CREATE TABLE fileindex ( id INT(6) UNSIGNED AUTO_INCREMENT PRIMARY KEY,text VARCHAR(100) NOT NULL);

Add files path to fileindex table

INSERT INTO fileindex ( text ) VALUES ( '\path\to\files' )

Then exit the MySQL shell.

Configuring Sphinx

In this section, we will configure the Sphinx configuration file.

Create the sphinx.conf file.

sudo gedit /etc/sphinxsearch/sphinx.conf

Sphinx configuration consists of 3 main blocks that are essential to run. They are index, searchd, and source. Each of these blocks is described below, and at the end of this step, the entirety of sphinx.conf is included for you to paste into the file.

The source block contains the type of source, username and password to the MySQL server. The first column of the SQL query should be a unique id. The SQL query will run on every index and dump the data to Sphinx index file. Below are descriptions of each field and the source block itself.

sql_host: Hostname for the MySQL host. In our example, this is the localhost. This can be a domain or IP address.
sql_user: Username for the MySQL login. In our example, this is root.
sql_pass: Password for the MySQL user. In our example, this is the root MySQL user’s password
sql_db: Name of the database that stores data. In our example, this is test.
sql_query: This is the query thats dumps data to
sql_query_pre: Pre-fetch query, or pre-query. They are used to setup encoding, mark records that are going to be indexed, update internal counters, set various per-connection SQL server options and variables. Perhaps the most frequent pre-query usage is to specify the encoding that the server will use for the rows it returns. Note that Sphinx accepts only UTF-8 texts.
sql_field_string:Combined string attribute and full-text field declaration.
sql_file_field: Reads document contents from file system instead of database.
Offloads database
Prevents cache trashing on database side
Much faster in some cases

source src1
{
type = mysql
sql_host = localhost
sql_user = root
sql_pass = 3337033
sql_db = sphinx_index
sql_port = 3306 # optional, default is 3306
sql_query_pre = SET CHARACTER_SET_RESULTS=utf8
sql_query_pre = SET NAMES utf8
sql_query = SELECT id,text from fileindex
sql_file_field = text
sql_field_string = text

}

The index component contains the source and the path to store the data.

source: Name of the source block. In our example, this is src1.
path: This path to save the index.
docinfo: Document attribute values (docinfo) storage mode.
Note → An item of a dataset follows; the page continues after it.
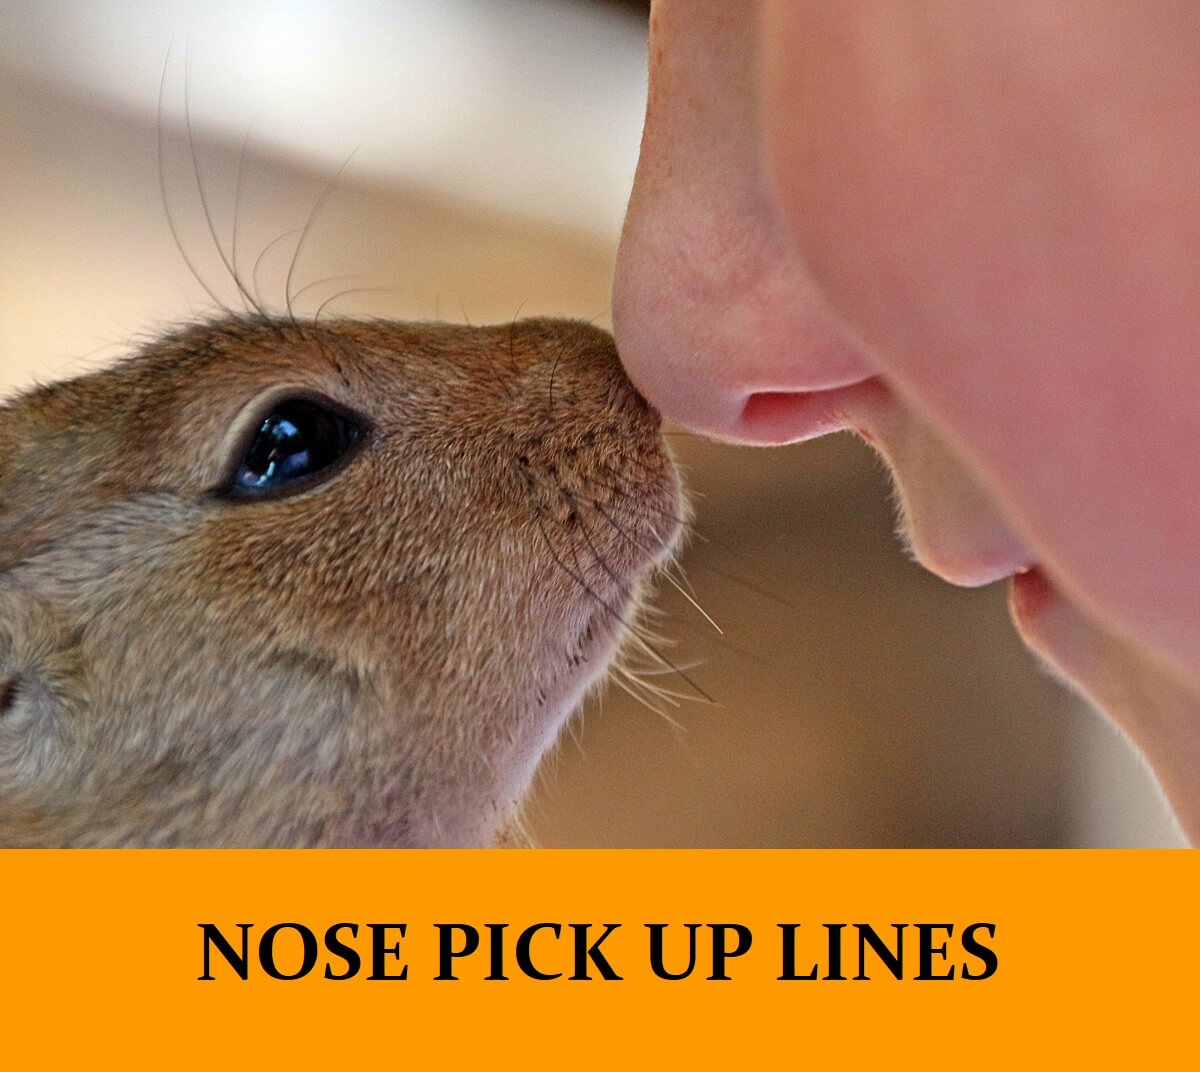 Pick Up Lines About Noses
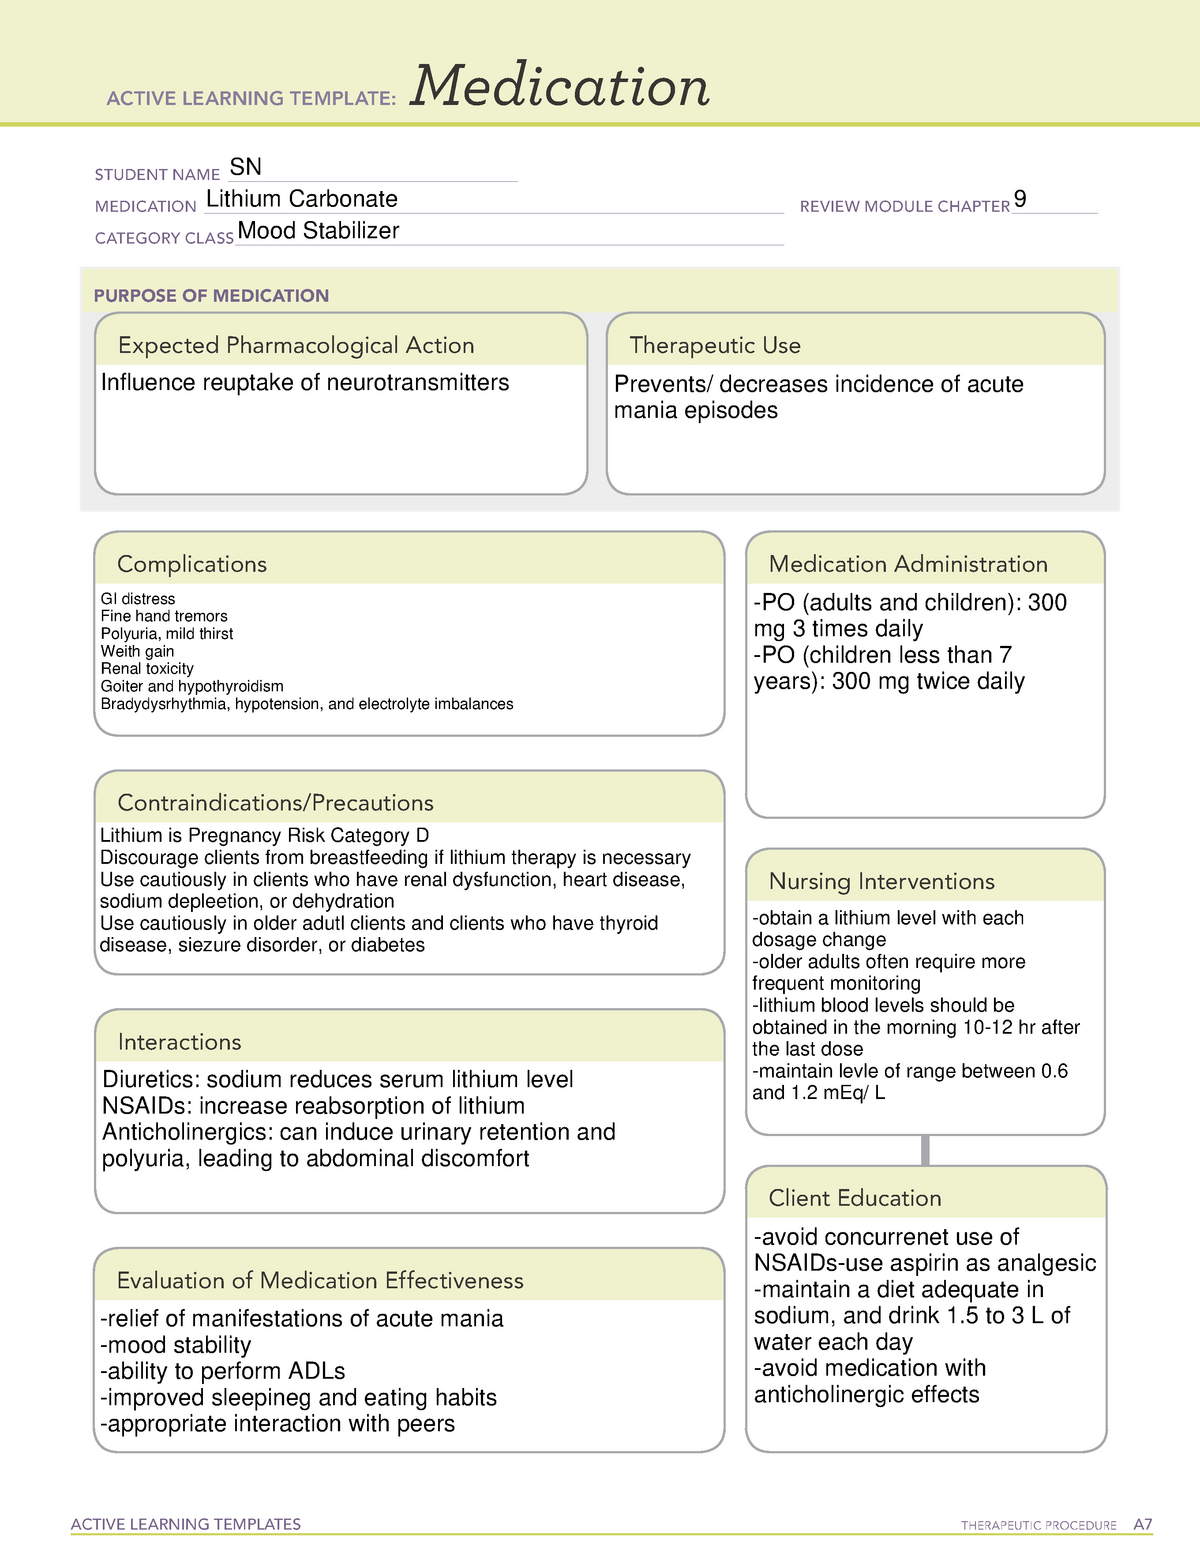 active-learning-template-medication-active-learning-templates-therapeutic-procedure-a

Optional, default is ‘extern’. Known values are ‘none’, ‘extern’ and ‘inline’.

index filename
{
source = src1
path = /var/lib/sphinxsearch/data/files
docinfo = extern
}

The searchd component contains the port and other variables to run the Sphinx daemon.
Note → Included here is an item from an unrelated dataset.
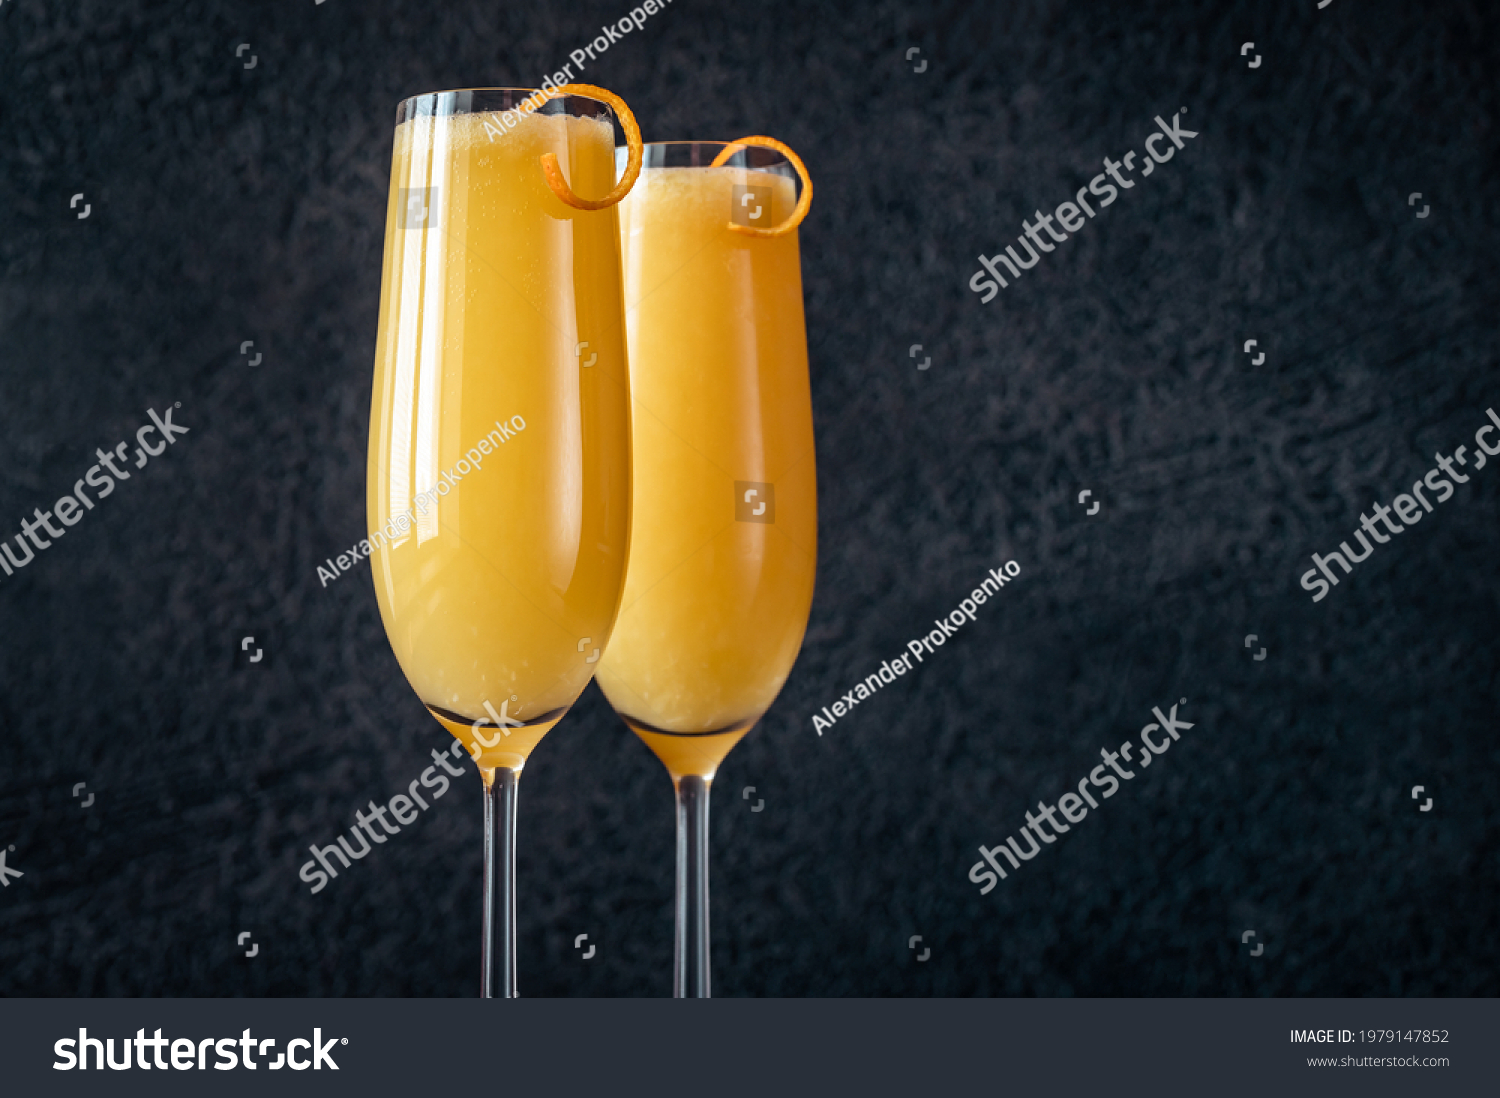 Two glasses of Buck's Fizz cocktail on black background #1979147852

listen: This is the port which sphinx daemon will run. In our example, this is 9312.
query_log: This path to save the query log.
pid_file: This is path to PID file of Sphinx daemon.
max_matches: Maximum number matches to return per search term.
seamless_rotate: Prevents searchd stalls while rotating indexes with huge amounts of data to precache.
preopen_indexes: Whether to forcibly preopen all indexes on startup.
unlink_old: Whether to unlink old index copies on successful rotation.
log: Log file name. Optional, default is ‘searchd.log’.
read_timeout: Network client request read timeout, in seconds.
max_children: Maximum amount of children to fork (or in other words, concurrent searches to run in parallel). Optional, default is 0 (unlimited).
seamless_rotate: Prevents searchd stalls while rotating indexes with huge amounts of data to precache. Optional, default is 1 (enable seamless rotation).
binlog_path: Binary log (aka transaction log) files path. Optional, default is build-time configured data directory.

searchd
{
listen = 9312
log = /var/log/sphinxsearch/searchd.log
query_log = /var/log/sphinxsearch/query.log
read_timeout = 5
max_children = 30
pid_file = /var/run/sphinxsearch/searchd.pid
max_matches = 1000
seamless_rotate = 1
preopen_indexes = 1
unlink_old = 1
binlog_path = /var/lib/sphinxsearch/data

}

Adding Data to the Index

In this section, we’ll add data to the Sphinx index.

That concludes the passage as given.